Given data:
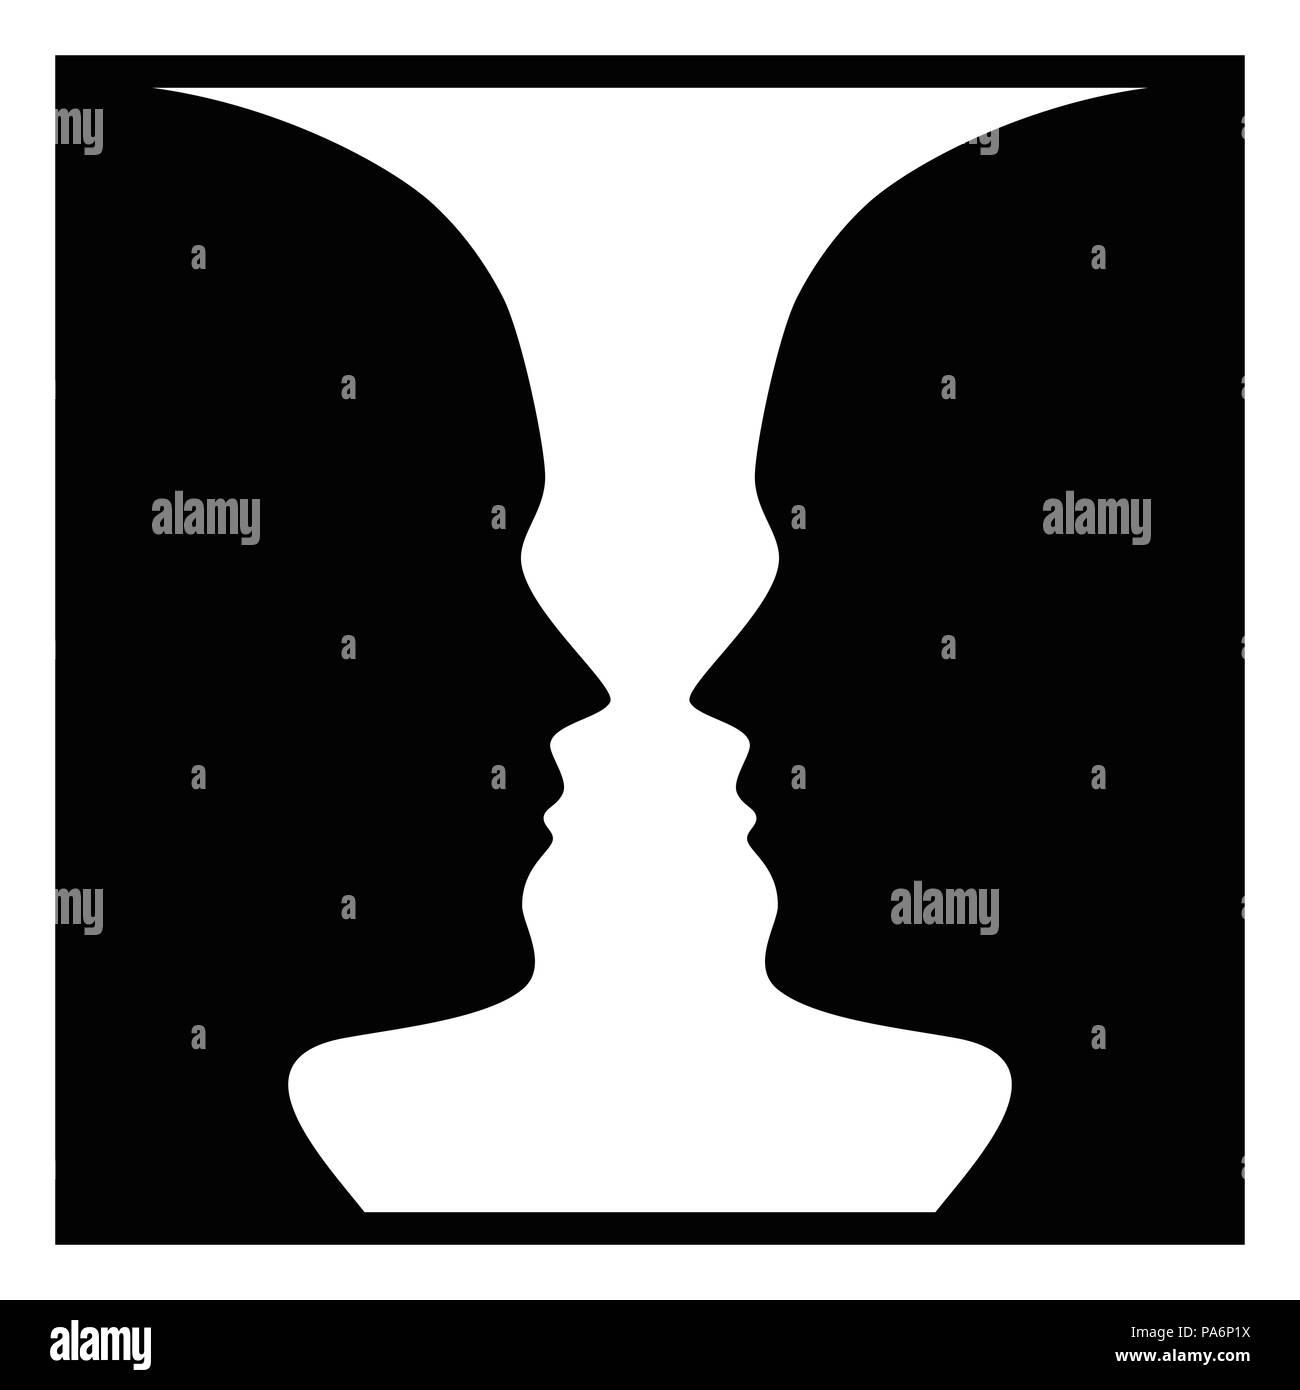 Figur-grund-Wahrnehmung, Gesicht und Vase. Abbildung - Boden Organisation. Perceptual Grouping. In der Gestaltpsychologie, die für eine Abbildung vom Hintergrund. Stockbild
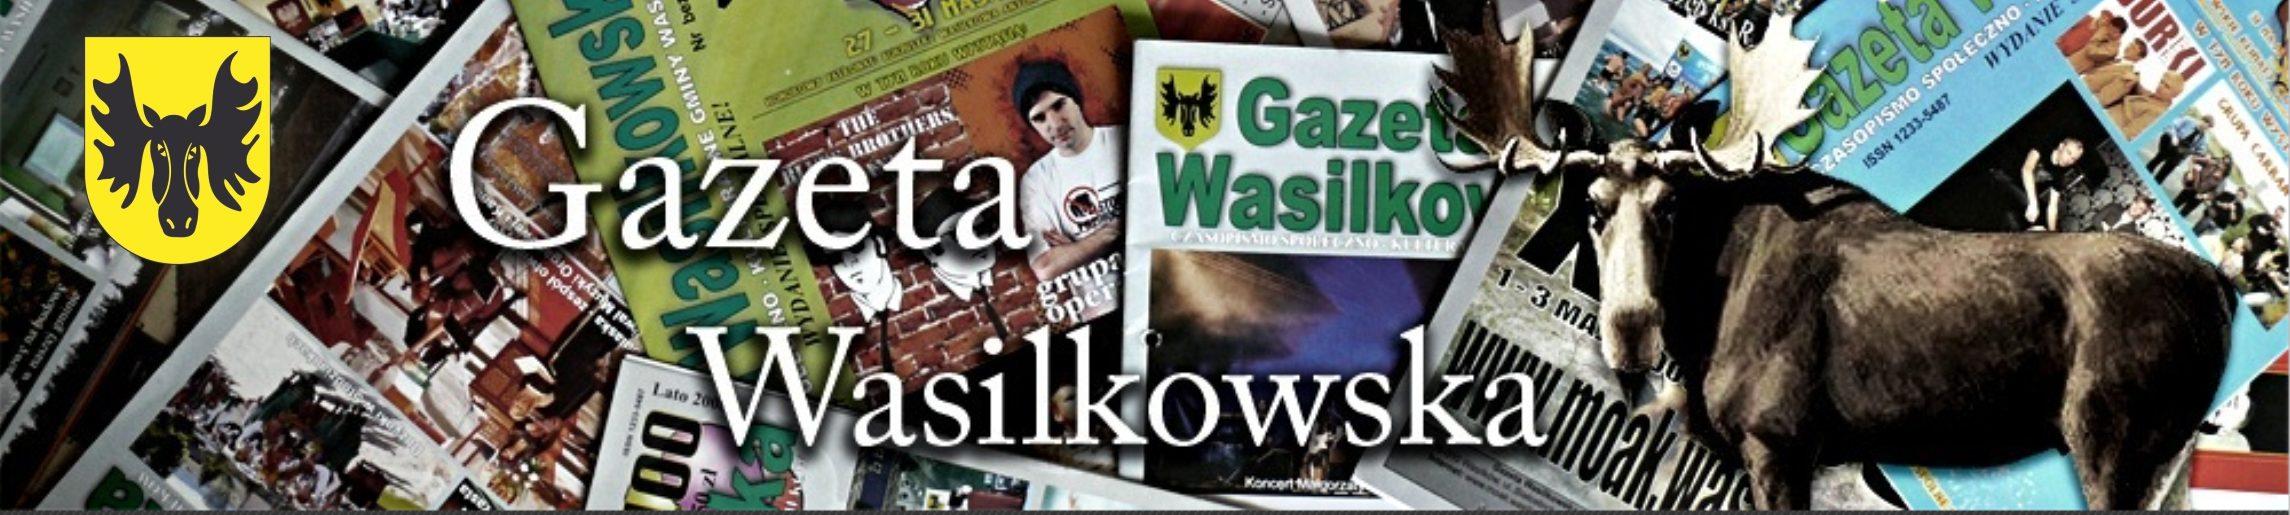 Gazeta Wasilkowska. Czasopismo Społeczno-Kulturalne Gminy Wasilków
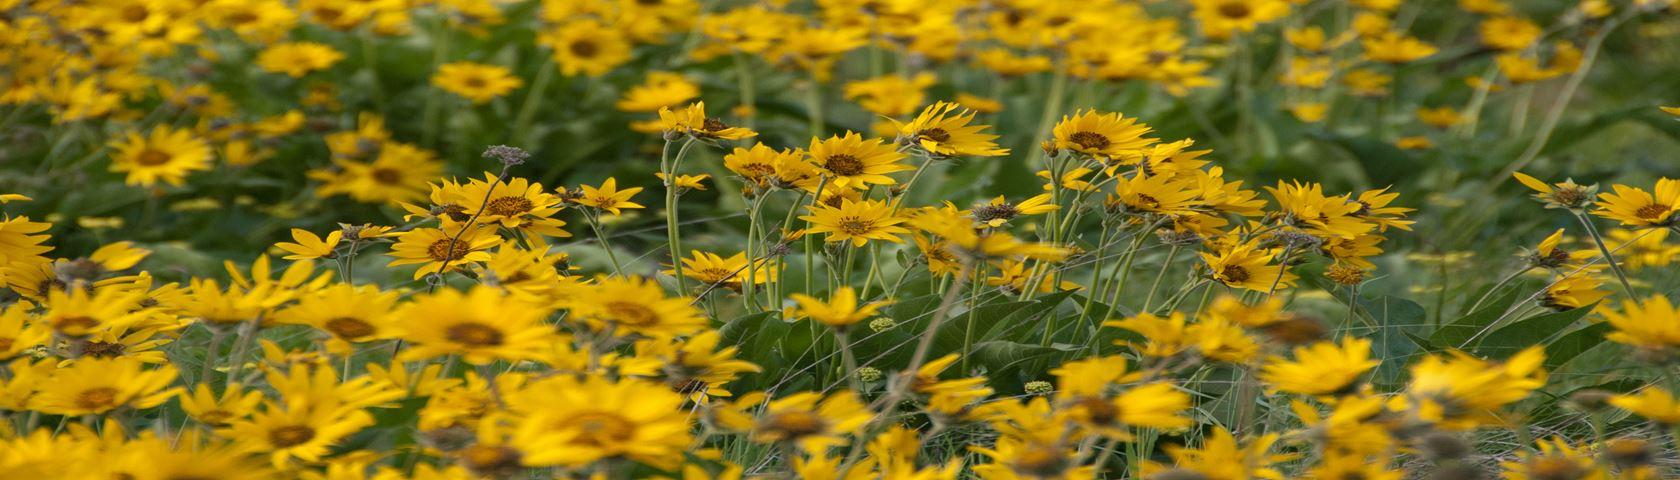 A Field of Balsamroot

Exercise aim: Should there be pictures in the data, leave them out and return the rest exactly.

Solution:
 Figur-grund-Wahrnehmung, Gesicht und Vase. Abbildung - Boden Organisation. Perceptual Grouping. In der Gestaltpsychologie, die für eine Abbildung vom Hintergrund. Stockbild
 Gazeta Wasilkowska. Czasopismo Społeczno-Kulturalne Gminy Wasilków
 A Field of Balsamroot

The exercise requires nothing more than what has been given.